Seven EU countries agree to work closer together

Seven EU countries agree to work closer together

Several European countries want to exchange information on terrorist procedures even more closely in the future. "It's just important that member states know each other who has been convicted elsewhere," Justice Minister Katarina Barley said Monday evening following a meeting with European counterparts from France, Spain, Belgium, Italy, Luxembourg and the Netherlands in Paris.

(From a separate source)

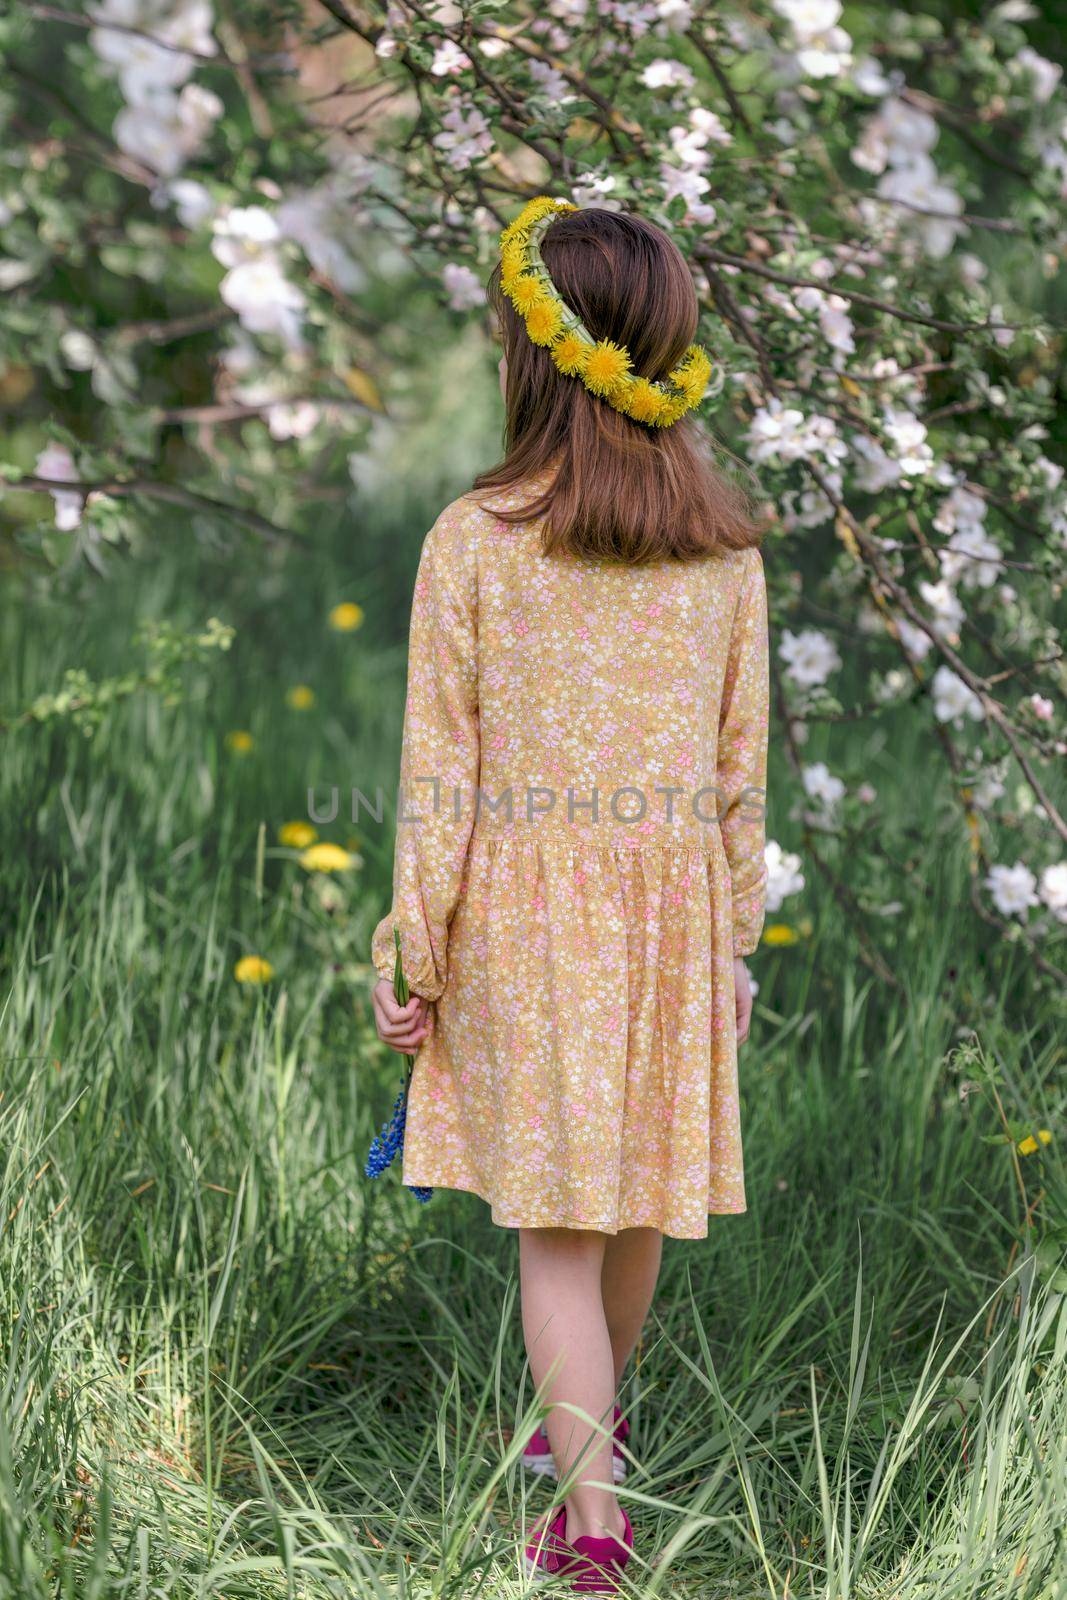 Back rear view Cute little girl wearing flower wreath dandelion outdoors. Adorable girl with dandelion wreath on her head spending time in nature. Floral crown, symbol of summer solstice.

In the future, law enforcement authorities should cooperate even more intensively than before through the European judicial authority Eurojust. Germany wants to transmit more cases than before, said Barley. "Such a network only brings something, if really the individual states report the cases."

The seven EU states also want to cooperate on cross-border protection of victims. "There are other countries already much experienced – unfortunately," said Barley. During the terrorist attack on the Christmas market of the Berlin Breitscheidplatz, it was seen that it was difficult to react appropriately to victims from abroad. France has a pioneering role. A network is to be established between victims' representatives.

Furthermore, hate and propaganda in social networks should be fought more strongly. In Germany, Facebook, YouTube and other platforms are required to clear blatantly targeted murders, slander or incitement within 24 hours. "When it comes to protecting the Internet, the rest of us can look for something from us," said Barley.

According to the minister, the agreement between the seven countries aims to give impetus to the entire European Union. It was good that countries as different as these could agree.